I was using the Steemit.com's site search feature today at https://steemit.com/static/search.html and noticed that ads had pushed the search results almost below the fold. Maybe I'm crazy but I could swear there weren't ads on the internal site search before. Am I crazy has there always been ads there?
I don't think there were ads there before and it is a site admin setting according to Google so were ads enabled on purpose? Is this the direction Steemit.com is heading in already? I'm not against ads by any means but wasn't expecting to see any this soon.
What do you think? Should Steemit.com have ads on it already? Leave your thoughts in the comments below.
Image from RetailUnderground.com
This is from Custom Google search. Google puts it there, not Steemit. It's not Steemit internal search like you claim. Steemit doesn't have internal search yet.

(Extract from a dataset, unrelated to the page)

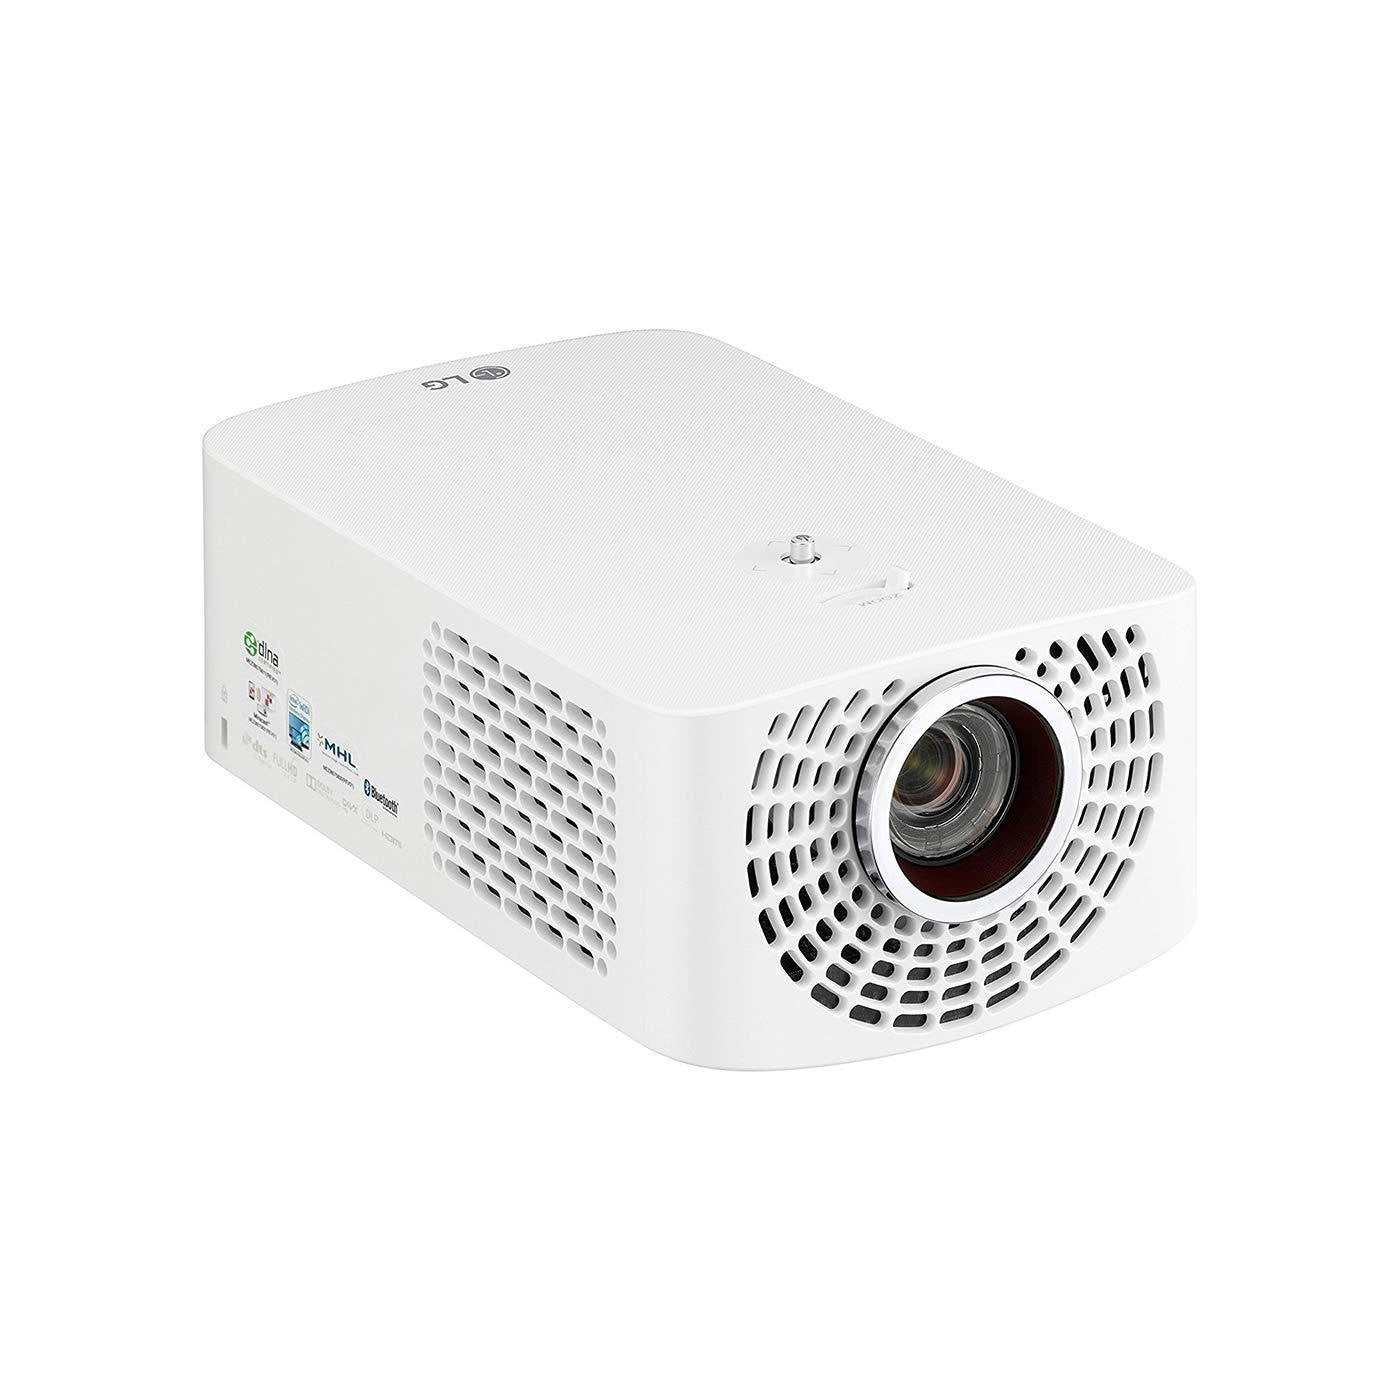 LG PF1500W LED Home Theater Projector with Smart TV and Magic Remote

Hmm you may be right that they don't have control over the ads unless they are paying Google. I meant Steemit's internal search powered by Google though. As in it only searches for results internal to Steemit.com.

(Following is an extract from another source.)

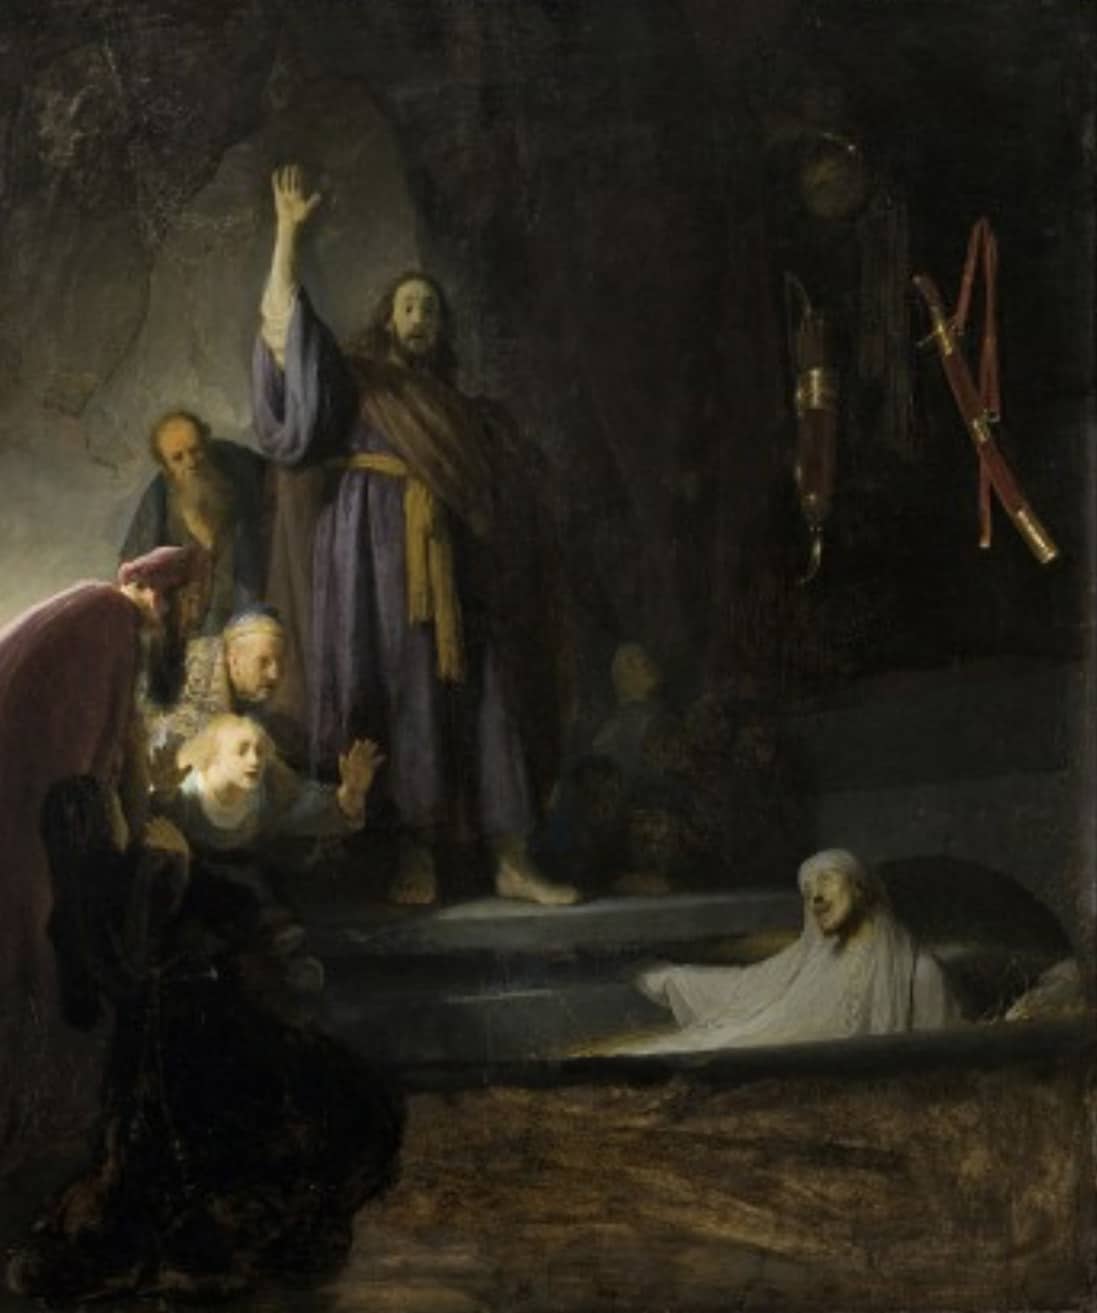 The Raising of Lazarus by Rembrandt

https://www.google.com/work/search/products/gss.html#pricing_content
I had written about it already. In yesterday's interview Ned said, tha he and Dan can not take any decisions themselves now. They can only propose some new soft, and for all other innovation there should be the decision of Steemit Community. I am not against ads. Or better to say - I can understand theit necessity. But...

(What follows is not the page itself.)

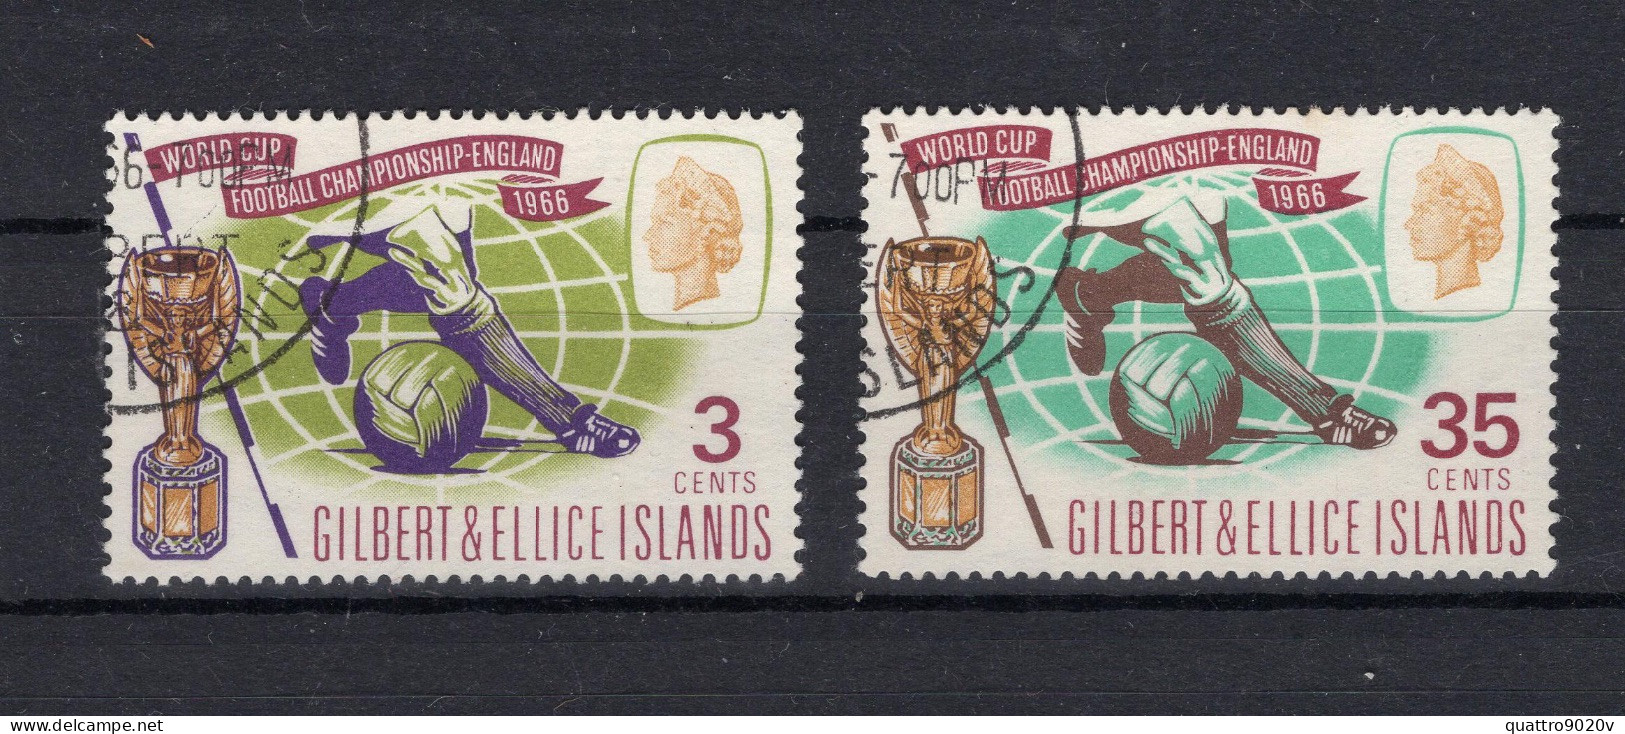 1966. World Cup Football Championship. Used (o) - Isole Gilbert Ed Ellice (...-1979)

I've never seen ads there. Still don't. For the record I'm logged into Google pretty much all the time.
It's been there. It seems a bit unprofessional because it says Google, but it works well, because it's Google.
I'm not sure where the ad revenue goes.
What do you use the search for?
I think the ads have been on the search since I joined at least. I assumed the revenue must go to Steemit somehow. I find the search useful to see who's posting about less common topics. Unlike some other social sites Steemit has good coverage by Google and I think people will come here via search results.
Those are Google's ads, google put them there, and google gets all the revenue sharing, if I remember internal google searches correctly. It's basically the same ads you would see if you searched the web from google.com, and only google profits from it. They only show up on "relevant searches" so not everything you search for will show an ad.